To jest tylko wersja do druku, aby zobaczyć pełną wersję tematu, kliknij TUTAJ
Forum Oficjalnego Klubu Mitsubishi - MitsuManiaki

Outlander II GEN Techniczne - Sprężyny wzmacniające

mitsu00 - 07-01-2011, 12:58

wowo napisał/a:
Aż dziw bierze, że nasz polskie ASO nie wprowadzą tego do swojej oferty.
W szwedzkich ASO te sprezynki sa juz od dawna. Cena to 1330 SEK. Pewnie dlatego ze tu co 2 auto ciaga przyczepy kempingowe, a te sprezyny stwozono glownie wlasnie zeby tyl nie siadal przy ciagnieciu przyczep.
13zbyszek13 - 12-01-2011, 13:25

mitsu00 napisał/a:
a te sprezyny stwozono glownie wlasnie zeby tyl nie siadal przy ciagnieciu przyczep.

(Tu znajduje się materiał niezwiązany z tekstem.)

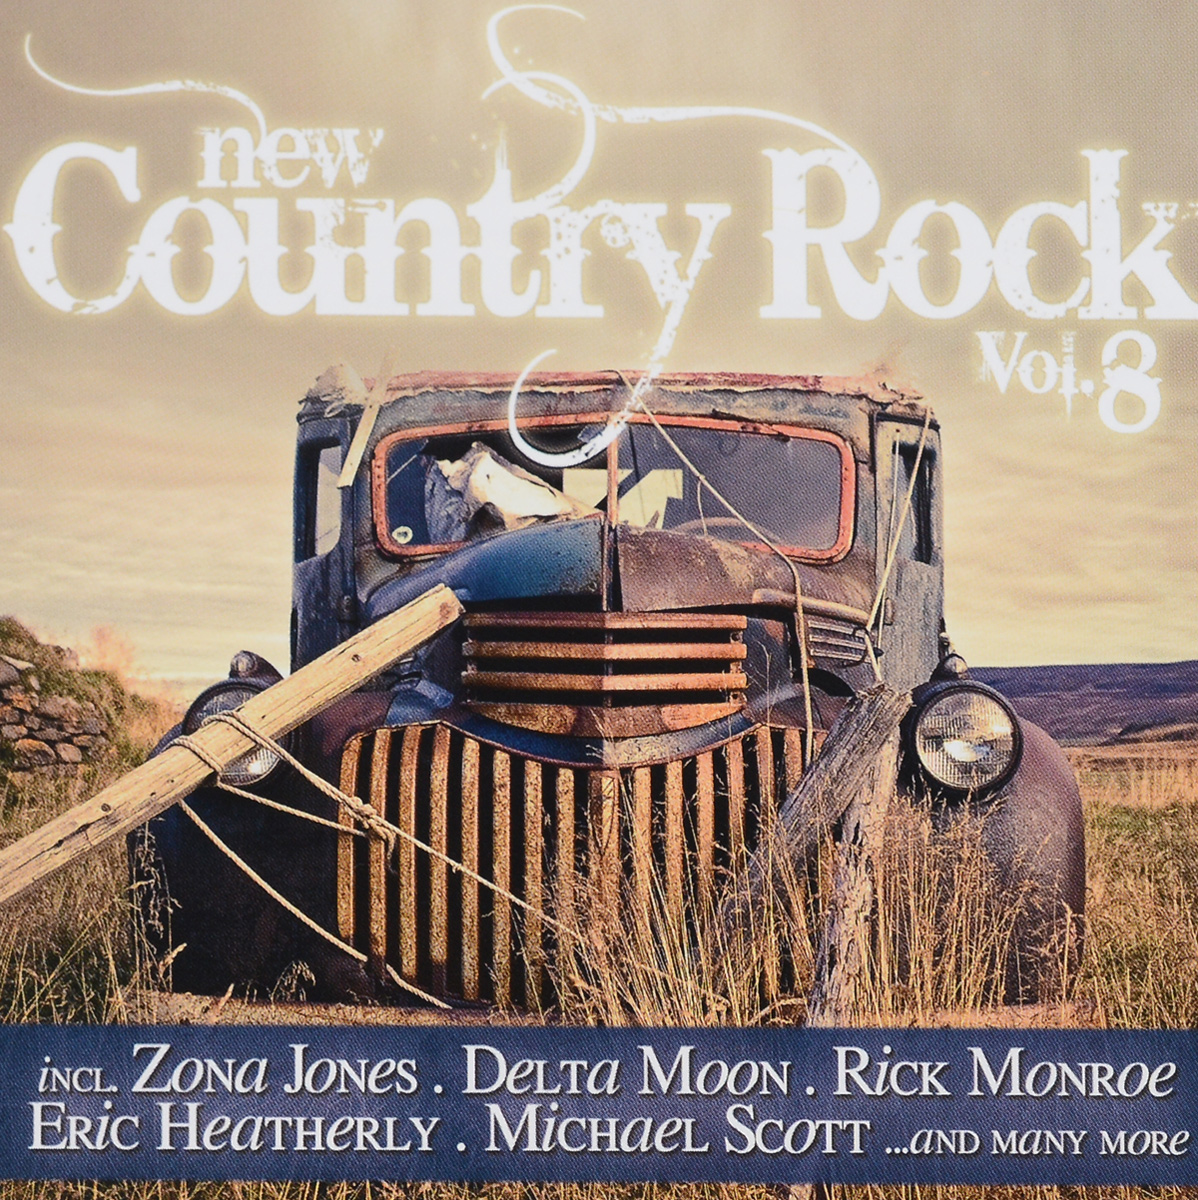 New Country Rock. Vol. 8

taka jest informacja na opakowaniu.



[ Dodano: 12-01-2011, 13:29 ]





regon - 15-01-2011, 16:48

Dzisiaj zamontowałem sprężyny w ASO i od razu zrobiłem geometrię (tak zalecili – bo samochód poszedł w górę). Pierwsze wrażenia są jak najbardziej pozytywne. Tył poszedł do góry (tak w sam raz – nie za dużo i nie za mało). Tył jest sztywniejszy, ale nie odczuwa się jazdy jak na taborecie, o wiele lepiej reaguje na wertepach i np. na bruku. Siadałem na klapę obniża się o wiele mniej niż przed montażem. Zapakowałem rodzinkę i pojechaliśmy na większe zakupy i nie siada (czekam na wyjazd z większym obciążeniem). Mam wrażenie jakby stał się bardziej stabilny, ale to oczywiście subiektywne odczucie. I co najważniejsze wjazd do dziury jest tłumiony najpierw wzmocnioną sprężyną i nie odczuwa się ich tak w środku, nie dobija, gdy przejeżdżasz przez „leżących policjantów” (czy jak to zwał).
mitsu00 - 15-01-2011, 17:04

regon napisał/a:
Dzisiaj zamontowałem sprężyny w ASO i od razu zrobiłem geometrię (tak zalecili – bo samochód poszedł w górę). Pierwsze wrażenia są jak najbardziej pozytywne. Tył poszedł do góry (tak w sam raz – nie za dużo i nie za mało). Tył jest sztywniejszy, ale nie odczuwa się jazdy jak na taborecie, o wiele lepiej reaguje na wertepach i np. na bruku. Siadałem na klapę obniża się o wiele mniej niż przed montażem. Zapakowałem rodzinkę i pojechaliśmy na większe zakupy i nie siada (czekam na wyjazd z większym obciążeniem). Mam wrażenie jakby stał się bardziej stabilny, ale to oczywiście subiektywne odczucie. I co najważniejsze wjazd do dziury jest tłumiony najpierw wzmocnioną sprężyną i nie odczuwa się ich tak w środku, nie dobija, gdy przejeżdżasz przez „leżących policjantów” (czy jak to zwał).
Ja wczoraj tez podniosłem tył lekko. Na razie metoda gratisowa poprzez wymontowanie wogóle nieuzywanej ławeczki z bagażnika. Żelastwo minimum z 20kg napewno wazyło :finga: Trzeba odkręcić 10 śrub mocujacych i po sprawie. mam teraz świetny schowek dodatkowy. A tył oparcia słuzy teraz za wieko do schowka. Dokręciłem tylko nowe zawiasy i pieknie wszystko wygląda.
13zbyszek13 - 15-01-2011, 19:48

regon napisał/a:
zrobiłem geometrię (tak zalecili – bo samochód poszedł w górę)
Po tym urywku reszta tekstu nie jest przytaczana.